Greece drafting case on antiquities looted by Nazis

Greece drafting case on antiquities looted by Nazis

ATHENS - Agence France-Presse
Greece drafting case on antiquities looted by Nazis

Youths sit on their bicycles in front of parliament in central Athens May 9. REUTERS photo

Greece is preparing a case for the return of antiquities looted by the Nazis during World War II, officials said on May 10.

"The entirety of the archaeological service's archives is under investigation" in a search for photographs and sketches of lost items, the general secretariat for culture said in a statement.

"Final and scientifically documented conclusions on the issue of Greek cultural treasures looted during the [Nazi] occupation will be drawn in the coming months," the secretariat said.

The search will also cover Byzantine and post-Byzantine relics whose destruction or seizure had not been properly examined until now.

The culture secretariat added that tens of thousands of Neolithic shards illegally taken out of Greece during the 1941-1944 occupation are to be repatriated from Germany.

"The repatriation procedures are being completed," it said. The Nazi occupation period still weighs heavy on Greeks and continues to colour the perception of Germany.
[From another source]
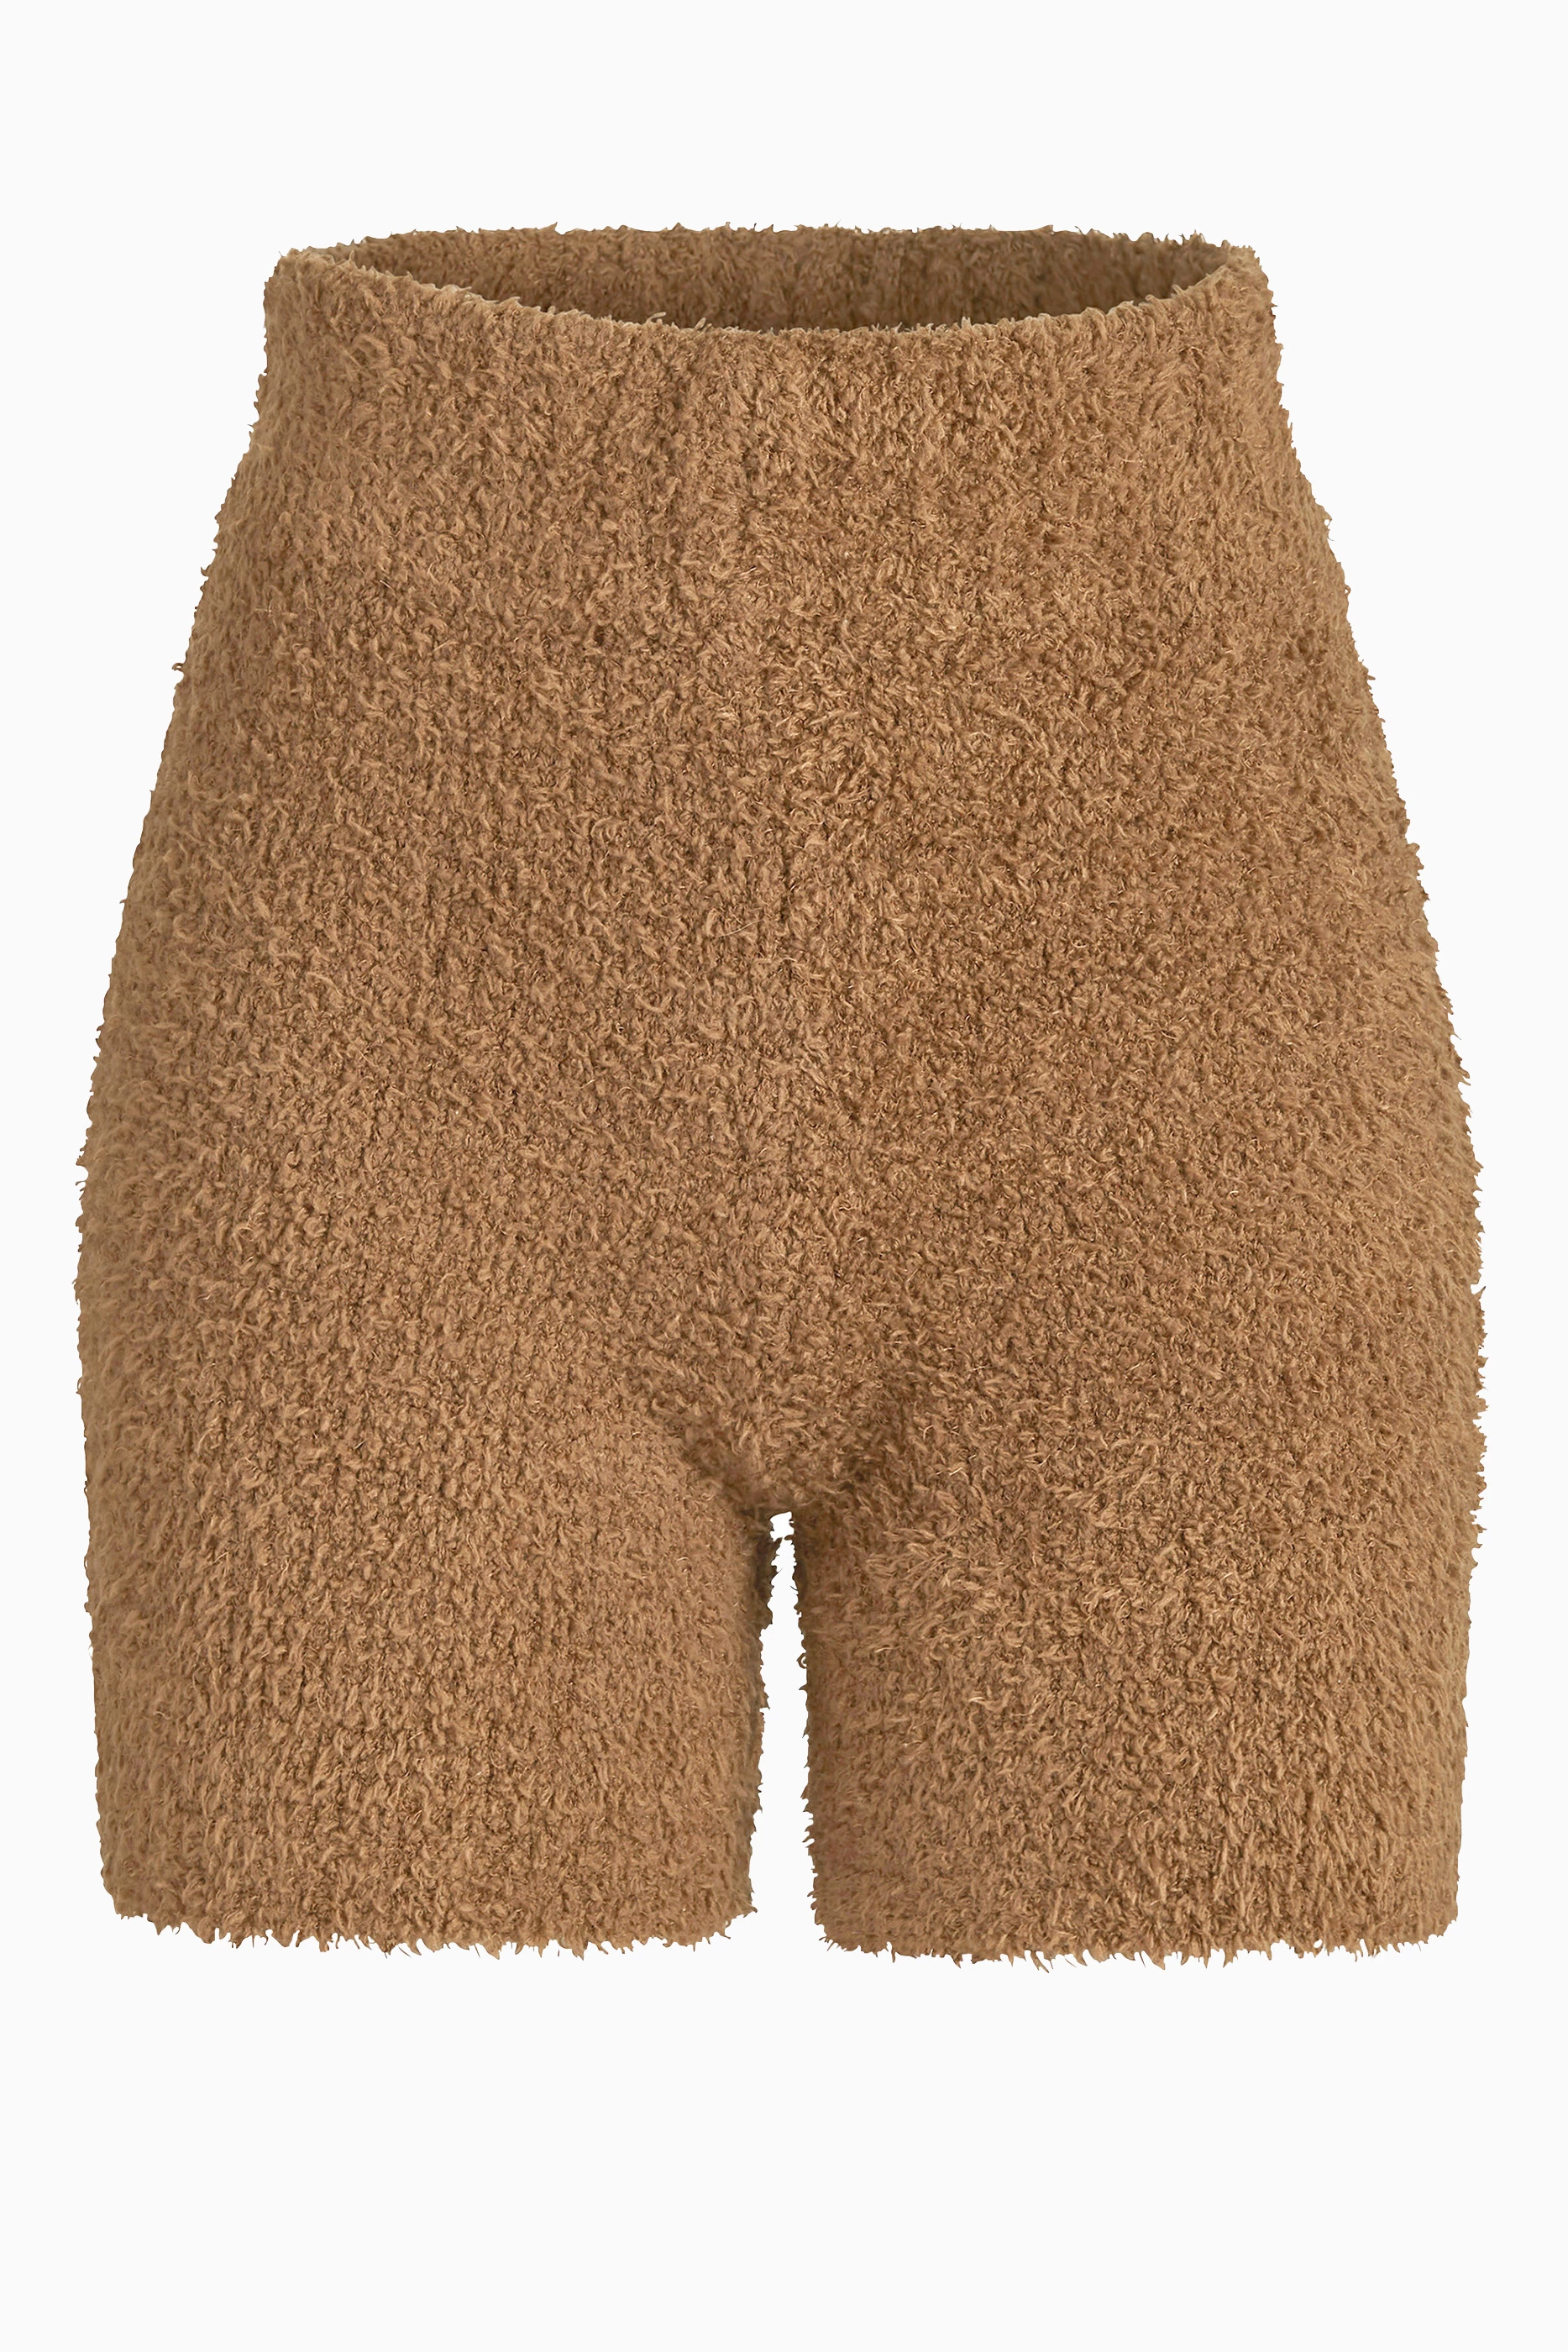 Skims Cozy Knit Shorts Brown Stretch Fuzzy Boucle Yarn Lounge Sz S / M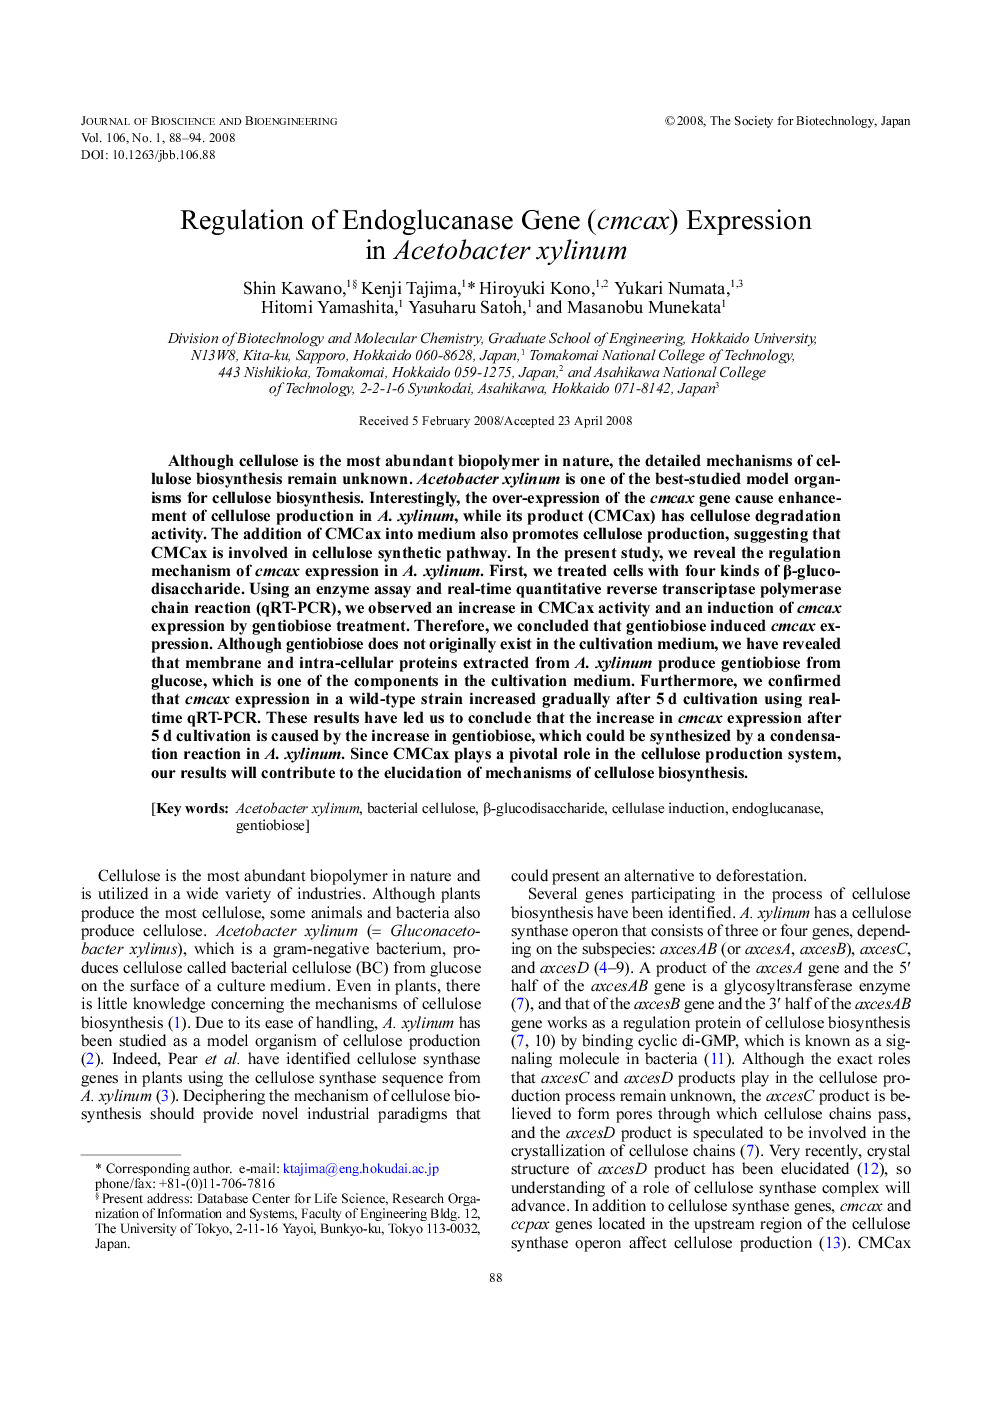 Regulation of endoglucanase gene (cmcax) expression in Acetobacter xylinum

Further tension is caused by Berlin's insistence on an austerity-heavy economic programme in Greece for the past three years in return for EU-IMF rescue loans.

Wartime reparations

Greece has said in recent years that it reserves the right to claim wartime reparations from Germany, saying it was forced to accept unfavourable terms during negotiations in the 1950s.

In April, the Greek finance ministry completed a search of state archives to determine the level of outstanding reparations for Nazi war crimes.

But its report has been classified as secret and has been forwarded to the foreign ministry and the Greek state's legal counsel for further handling.

According to reports, Greece has estimated the outstanding sum at 162 billion euros ($210 billion). Germany, which has fronted a large share of the eurozone rescue for Greece, rejects the idea of paying any further reparations.

In September, the German government reiterated that it has already paid "substantial sums" to Greece as part of bilateral agreements on war reparations.